One of this week’s sheep features on page 35 takes a deeper look in to the slaughter performance of lambs on Tullamore Farm.
Poor performance has been an issue for many farmers this year, and moves by factories to introduce significant price penalties for lambs killing below 16-17kg carcase weight also reflect the situation.
The experience from Tullamore Farm shows the importance of monitoring performance and using all information at hand to optimise returns when drafting lambs.
Reports indicate that slaughter performance is most variable in ram lambs, which is not surprising.
A safe bet when drafting is to factor in a possible kill-out of 42% in mid-season ram lambs, rising to 43-45% for late-born lambs or lambs finished on an intensive diet.
This number could fall back to 40% or under for strong crossbred lambs or lambs with a poor flesh cover.
This is only a guide, with significant variation between farms and also regions highlighting the value of weighing lambs pre-slaughter and monitoring performance.
At this stage of the year it is important that finishing plans are in place for strong ram lambs, including grazing these out of sight of ewe lambs or ewes.
Building grass covers
All areas have received sufficient rainfall at this stage.
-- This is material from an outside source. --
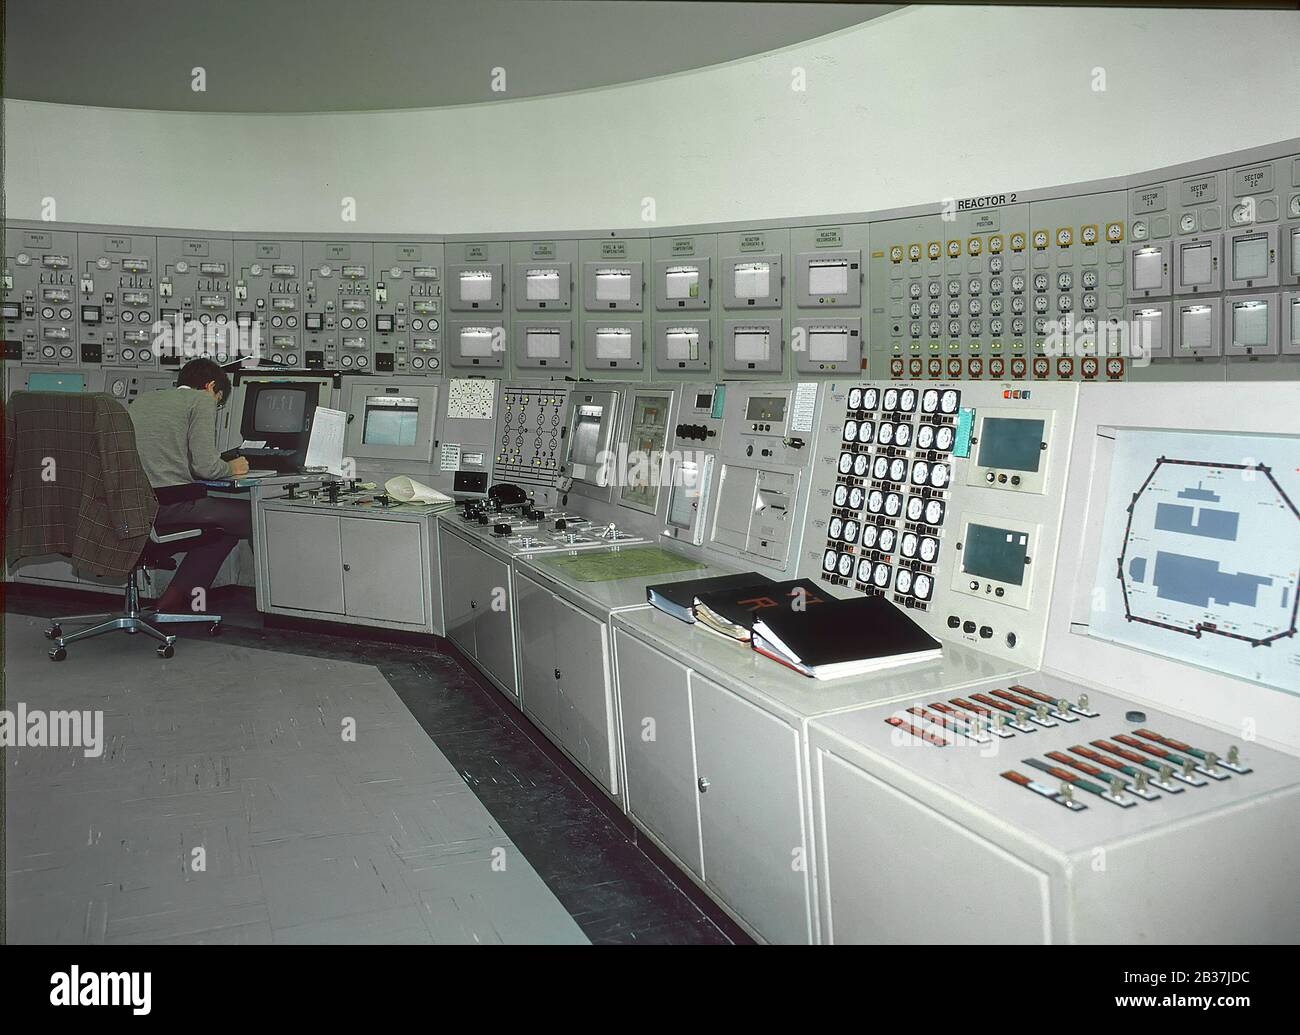 Archive 1980s image interior view man working inside control room of a Magnox nuclear electricity power station at Bradwell on Sea Essex England UK Stock Photo

Areas worst affected by the soil moisture deficit will need to persist with the measures put in place to conserve feed supplies until the farm cover builds to a stage to get the farm back on track.
The length for which plans have to continue will be influenced by the farm’s stocking rate, demand for grass and how grass growth rates respond.
Failing to take stock and getting back to normal grazing behaviour too quickly will likely diminish any hopes of getting back on track at this point in the year.
The plan in early September should be for farms to build grass covers to a point of having about 20 days grazing ahead, with the rotation lengthening out to having about 30 days grazing ahead in early October.
It may seem early to be discussing spring grazing when so many farms are struggling with autumn grazing, but plans for the next four to six weeks should also tie in with plans for closing areas that will be required first for grazing next spring. Again, it is worth weighing up the farming system with regards to breeding and lambing dates.
A jump in grass growth rates is likely to see cobalt deficiency issues in lambs persist. This will especially be the case if heavy rainfall continues and lambs are grazing lush grass with a low dry matter content.
The characteristic signs to be aware of are lambs performing below target or failing to gain satisfactory condition despite being on a good plane of nutrition.
Visual symptoms are lambs going dry in the wool and the skin on their ears becoming scaly or scabby, with skin flaking away.
Lambs require about 1mg cobalt per day, and as sheep do not have the ability to build and store cobalt in their bodies, regular supplementation is required.
The general recommendation where drenching is to do this ideally every two weeks and at least every three weeks, while administering a bolus or feeding concentrates with satisfactory mineral inclusion rates are other options.